- SOURCE DATA -
---+---

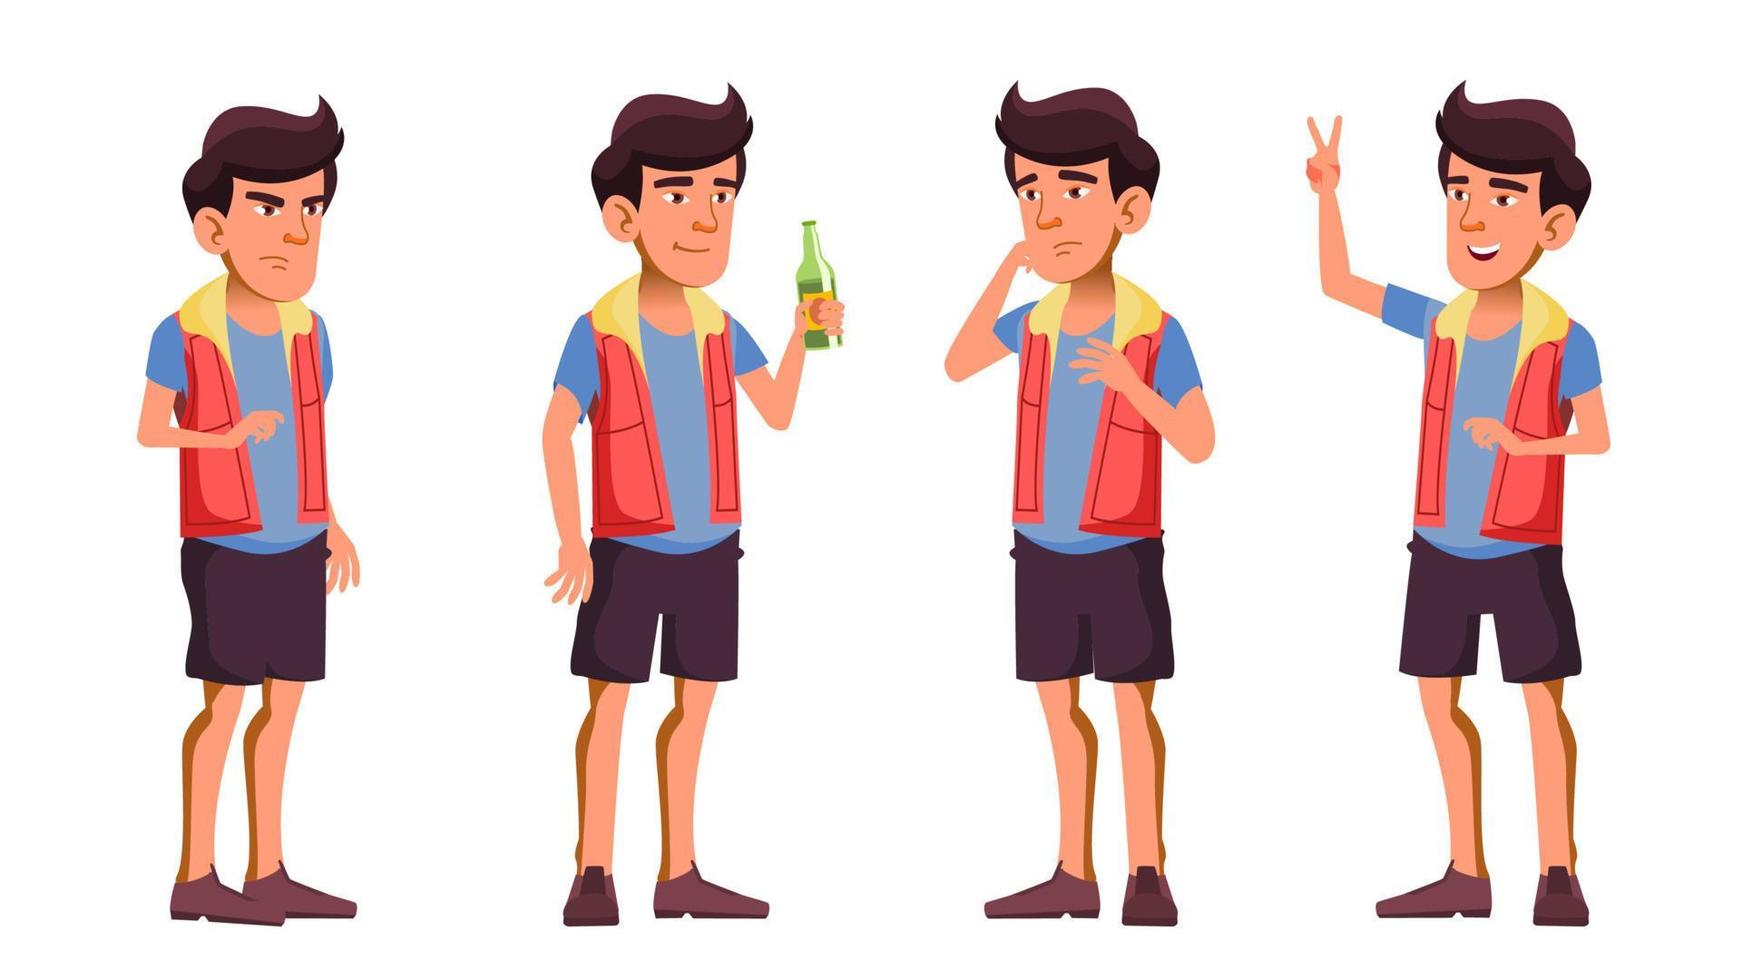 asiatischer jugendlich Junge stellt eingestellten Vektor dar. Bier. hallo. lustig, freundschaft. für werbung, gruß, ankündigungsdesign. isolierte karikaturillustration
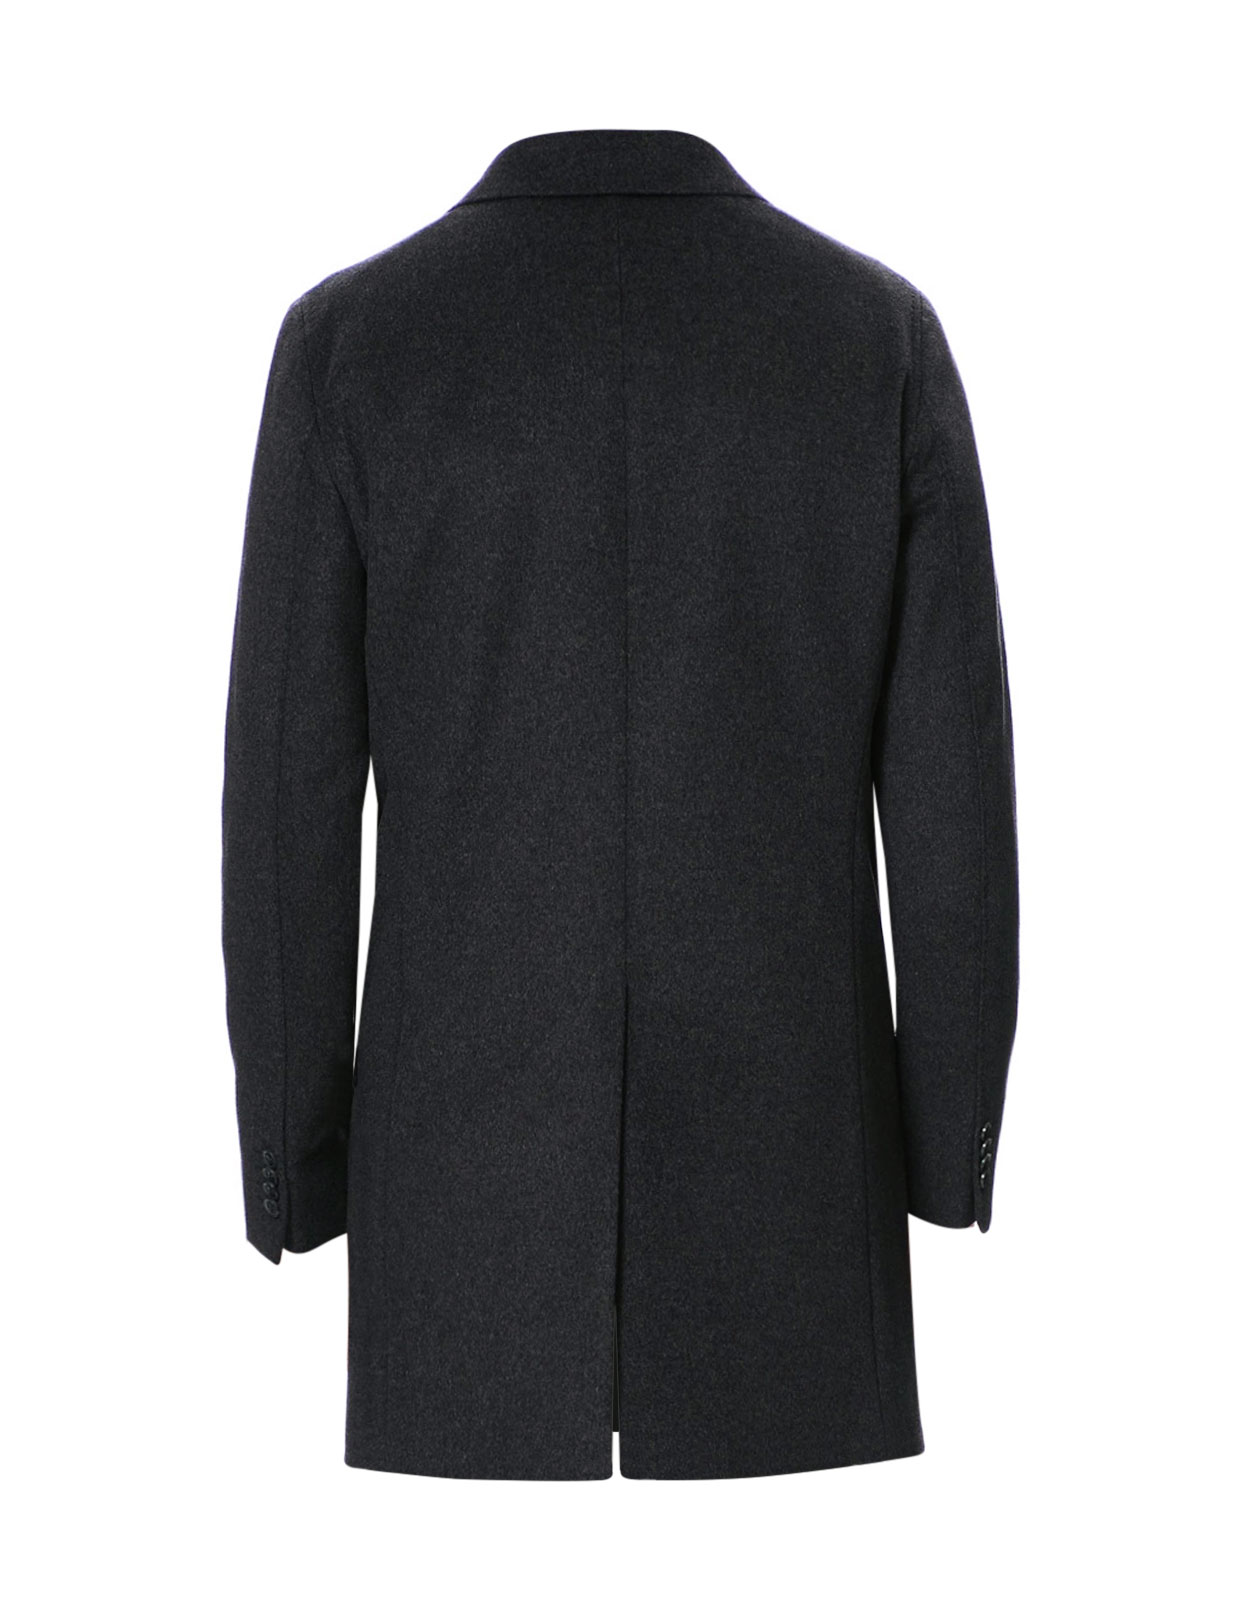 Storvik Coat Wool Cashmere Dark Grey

---+---

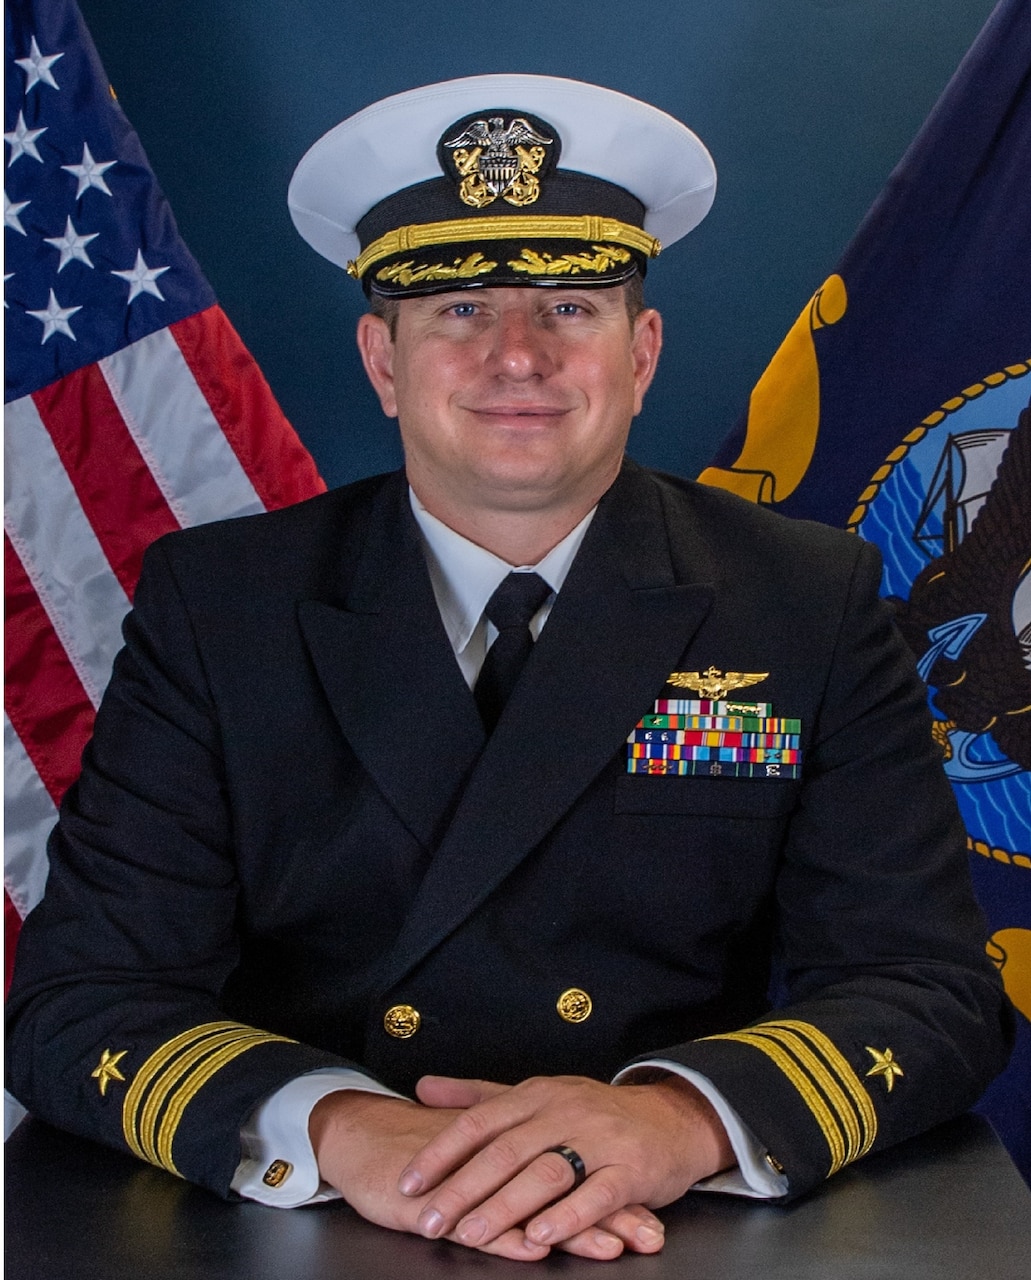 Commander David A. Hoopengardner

---+---

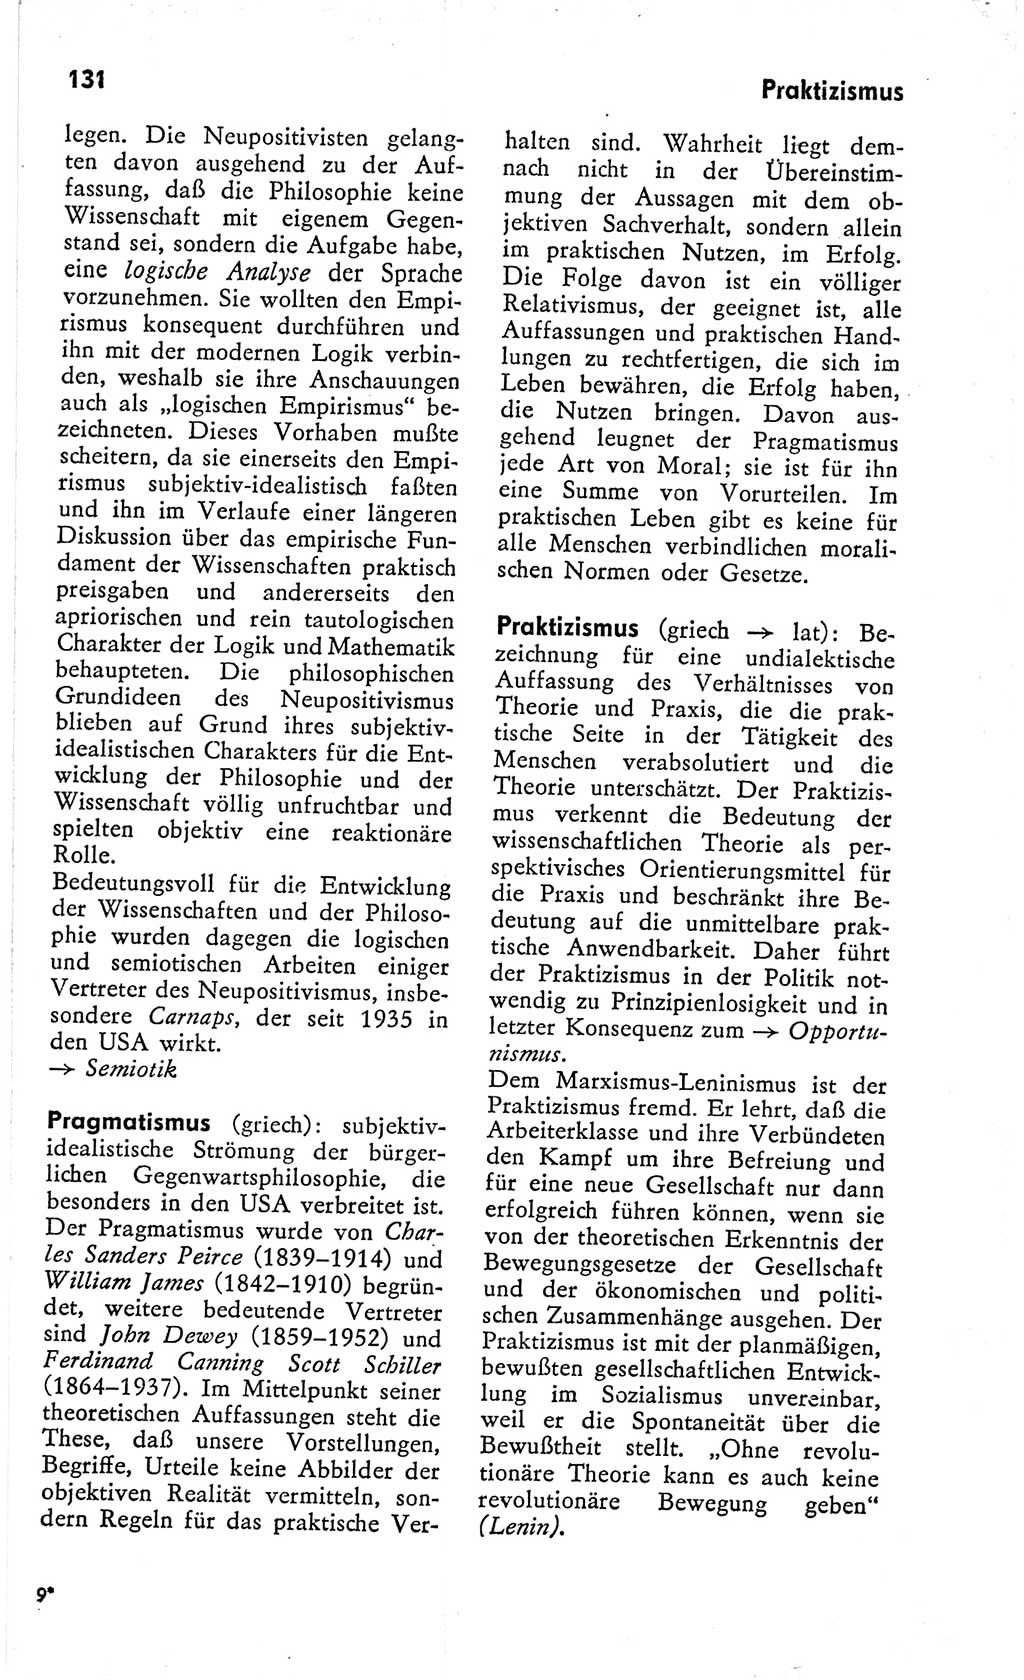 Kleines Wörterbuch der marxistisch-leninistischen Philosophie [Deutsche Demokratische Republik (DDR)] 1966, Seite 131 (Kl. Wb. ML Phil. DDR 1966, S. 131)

---+---

- WHAT THE EXERCISE ASKS -
Copy out exactly the lines above beginning with the line that contains "asiatischer jugendlich Junge" and finishing with the line that contains "Storvik Coat Wool Cashmere Dark Grey", including both; leave the pictures out.

- WRITTEN RESPONSE -
 asiatischer jugendlich Junge stellt eingestellten Vektor dar. Bier. hallo. lustig, freundschaft. für werbung, gruß, ankündigungsdesign. isolierte karikaturillustration
 Storvik Coat Wool Cashmere Dark Grey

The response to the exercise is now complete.